Installé en 1979 sur la ferme familiale, Alain Jeannet mène seul une exploitation de 80 000 litres de lait à comté pour 45 hectares de surface. La cinquantaine approchant, il n’envisage pas d’autre vie. « Je travaillais comme il faut et ça tournait bien ! » Mais en avril 2004, il saute le pas et rejoint le Gaec Perrot composé de deux frères, Thierry et Frédéric. Quels évènements l’ont fait changer d’avis ? Tout d’abord la ferme qui se situe en plein cœur du village.

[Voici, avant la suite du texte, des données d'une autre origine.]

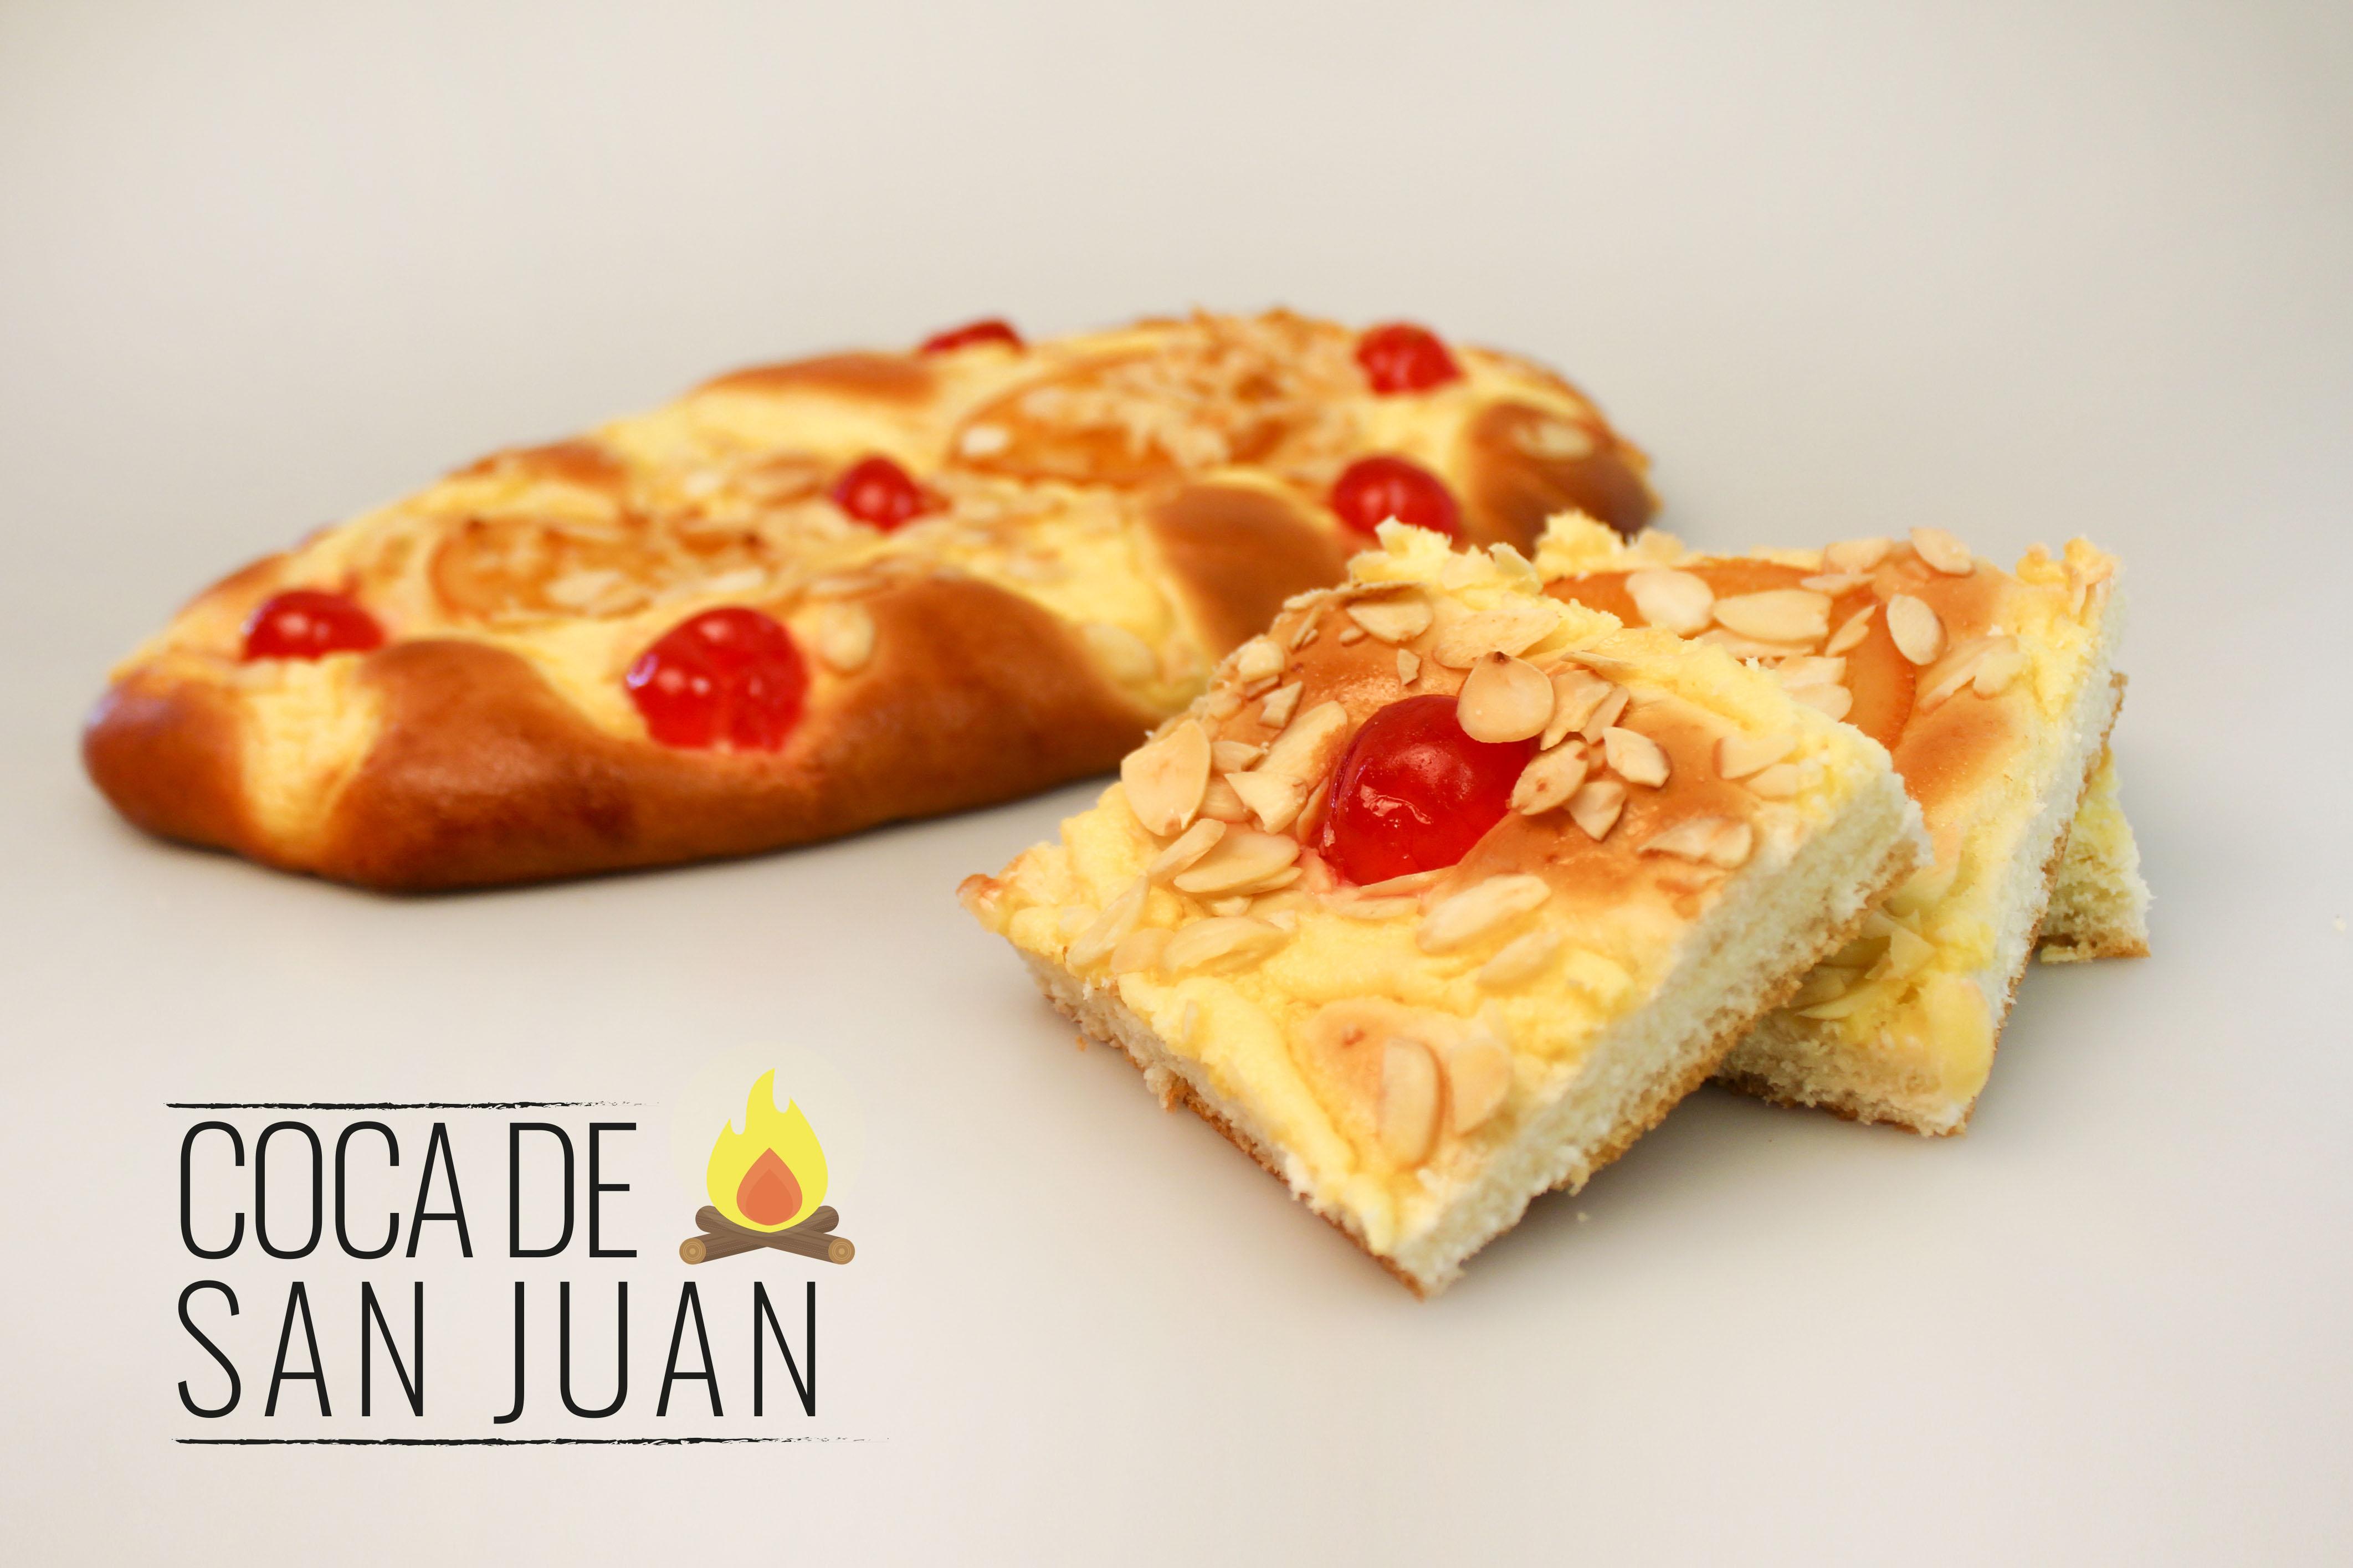 Dulce coca de San Juan elabroada por Panishop

Les allées et venues lui pèsent de plus en plus : « sauter sur le vélo, chercher les vaches, traire, les ramener au champ... et se faire engueuler... J’ai pensé arrêter le lait pour faire de la viande », raconte Alain Jeannet.
Impossible d’investir dans un nouveau bâtiment. La solution lui vient alors, comme une évidence. L’agriculteur travaille depuis huit ans avec le Gaec Perrot. Ils se connaissent bien. « C’est un atout pour se mettre en Gaec », pense l’agriculteur qui, à maintenant 52 ans, apprécie ses nouvelles conditions de travail. Le rythme d’exploitation a changé lui aussi. « Quand j’étais seul, au forfait, je n’investissais presque pas ».
Aujourd’hui, le Gaec inaugure un nouveau bâtiment pour les veaux, agrandit l’aire de stockage, a acheté deux postes de traite supplémentaires et aménage son bâtiment vaches laitières.
Alain suit les 230 bêtes du troupeau, une responsabilité qu’il partage avec Thierry Perrot. Il réalise aussi le labour et les apports d’engrais, Frédéric s’occupant plus particulièrement des céréales, des traitements et de la comptabilité. Mais les trois associés sont interchangeables en terme de travail. « Le Gaec est un atout, une force pour les systèmes d’exploitations mixtes de polyculture-élevage. Il contribue au maintien de l’agriculture dans des zones intermédiaires comme les nôtres en rationnalisant les investissements et en favorisant les économies d’échelle. Le Gaec est un outil de modernité qui permet de répondre aux préoccupations économiques et sociales des exploitants, avec un potentiel de production par
associé bien souvent inférieur à la moyenne départementale», remarque Frédéric Perrot.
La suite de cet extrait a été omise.